# Audi connect retrofit



## Markolaynee (Feb 21, 2015)

Hi guys.
Any one knows if i can retrofit audi connect? At the moment i have navigation on MMI.. How much will it cost? 
Thanks

Sent from my iPhone using Tapatalk


----------



## elboobio (Mar 4, 2016)

If you have navigation without connect at the moment I'm guessing you have a ex demo car? Audi don't sell cars with nav without connect as it's part of the tech pack. At the moment Audi dealerships offer no retrofit options for navigation of any kind. There are a couple of retrofit companies that offer the tech pack retrofit so they might be able to help you. One is satnav systems think they're based in Bournemouth.


----------



## carrock (Mar 17, 2011)

elboobio said:


> If you have navigation without connect at the moment I'm guessing you have a ex demo car? Audi don't sell cars with nav without connect as it's part of the tech pack. At the moment Audi dealerships offer no retrofit options for navigation of any kind. There are a couple of retrofit companies that offer the tech pack retrofit so they might be able to help you. One is satnav systems think they're based in Bournemouth.

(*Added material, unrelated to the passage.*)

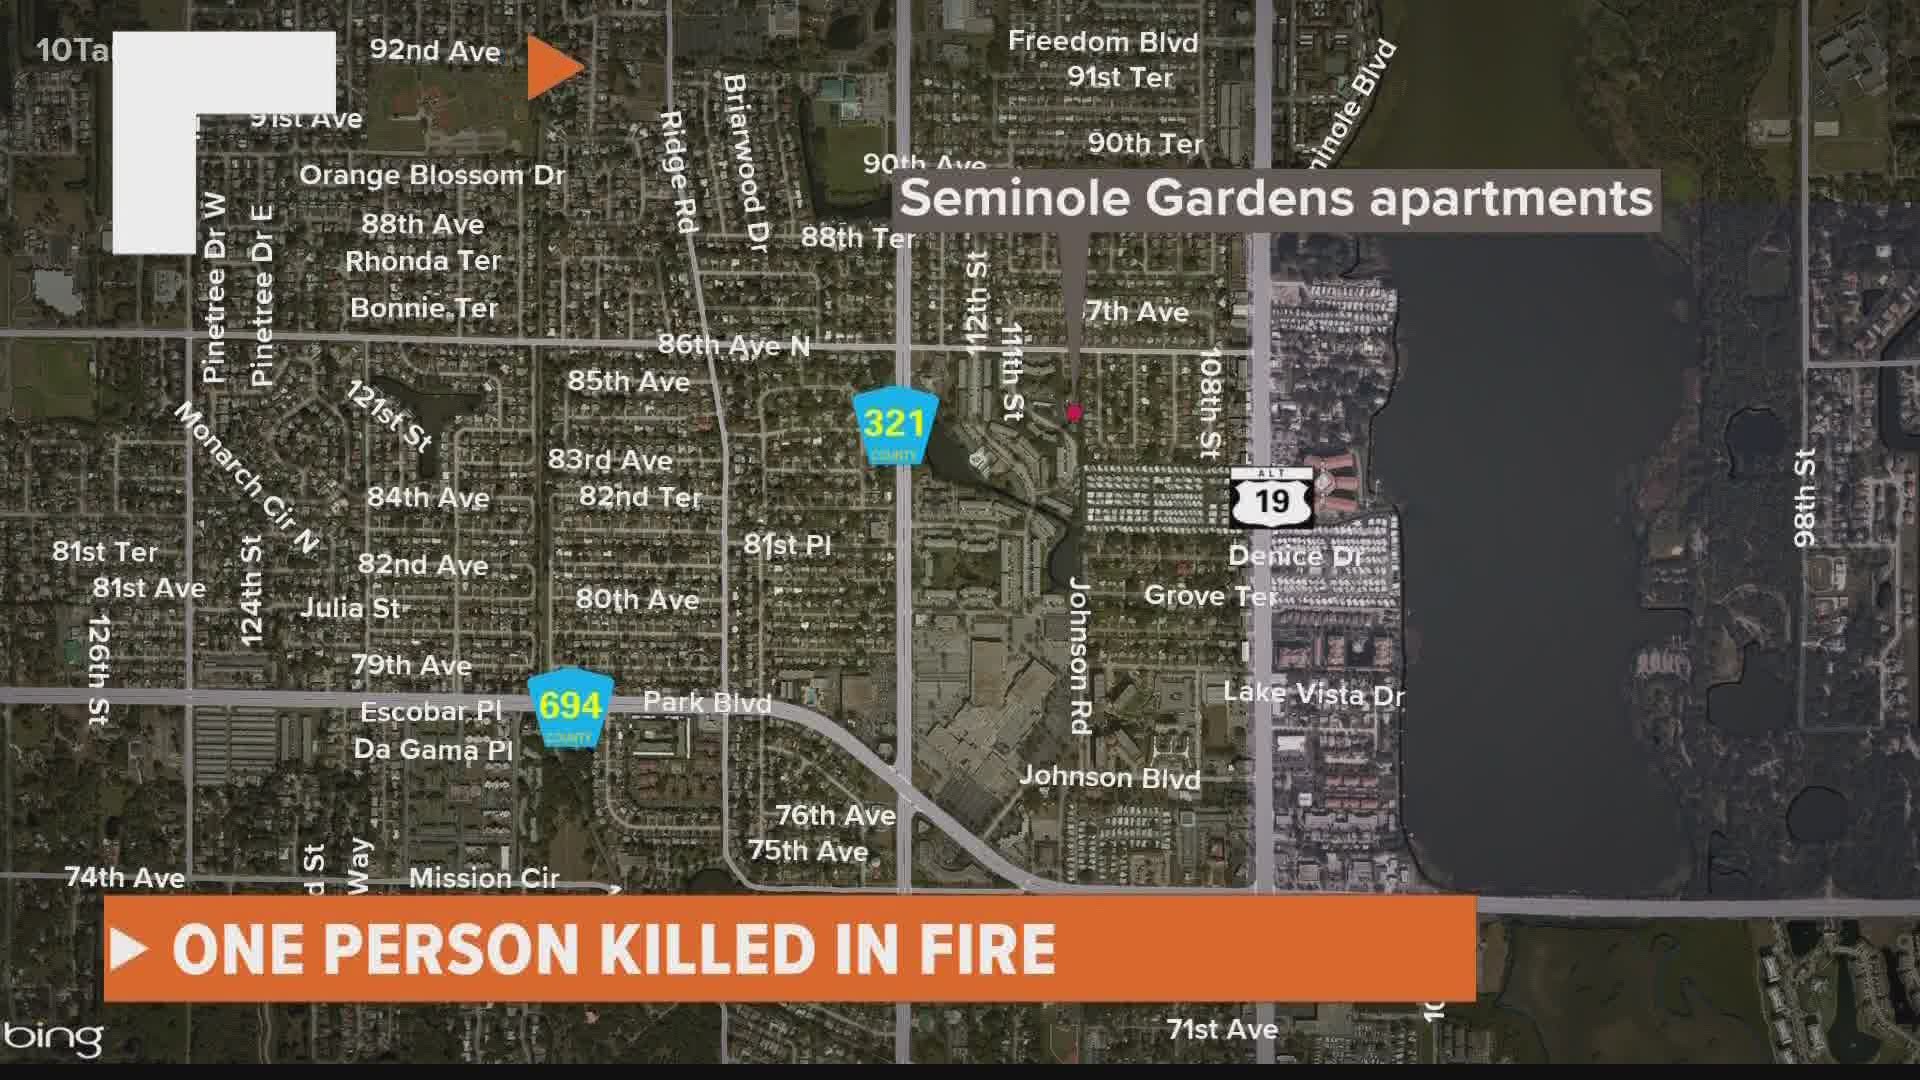 The sheriff's office said the call came in around 4 a.m. at the Seminole Gardens Apartments.

I also have a ex demo with sat Nav but not connect. I think it's not just a matter of fitting the module with a SIM card there's a bit more to it. Not sure if it's worth it IMHO


----------



## elboobio (Mar 4, 2016)

At the moment connect is a bit of a novelty. They probably should have just made android auto and apple car play compatible as your phone can search the internet better than your car can. I don't have connect but wish I had the nav as I don't want a mount on show in the car. Suppose it depends what plans Audi have for the future of connect. I'd maybe wait to see what's on offer further down the line than spend close to 2k on the retrofit.


----------



## Markolaynee (Feb 21, 2015)

No i do not have ex demo car  its just the car my dealer in my country ordered.. It wasnt demo car

Sent from my iPhone using Tapatalk


----------



## elboobio (Mar 4, 2016)

OK apologies didn't realise your car was from outside the UK. Everywhere else in Europe seems to offer more variations to extras than in the UK. Here if we want navigation you have to buy the tech pack which comes bundled with connect.


----------



## Markolaynee (Feb 21, 2015)

No need to apologize mate  
It would be really nice if i could get audi connect retrofitted

Sent from my iPhone using Tapatalk


----------



## elboobio (Mar 4, 2016)

I know dealerships don't offer the retrofit but like I said there are companies that will do it. But it's expensive and not heard of anyone having it done.


----------



## 4433allanr (Mar 11, 2016)

Connect seems from other posts on this forum to be a bit like most new tech, you play with it for the first few days then never really use it again. We have it in my wife's mini, really doesn't do anything particularly useful, and it does nothing essential. It learns your usual routes!!! Well as you are the one driving those routes hardly useful info, except perhaps for the manufacturer to look at you data.


----------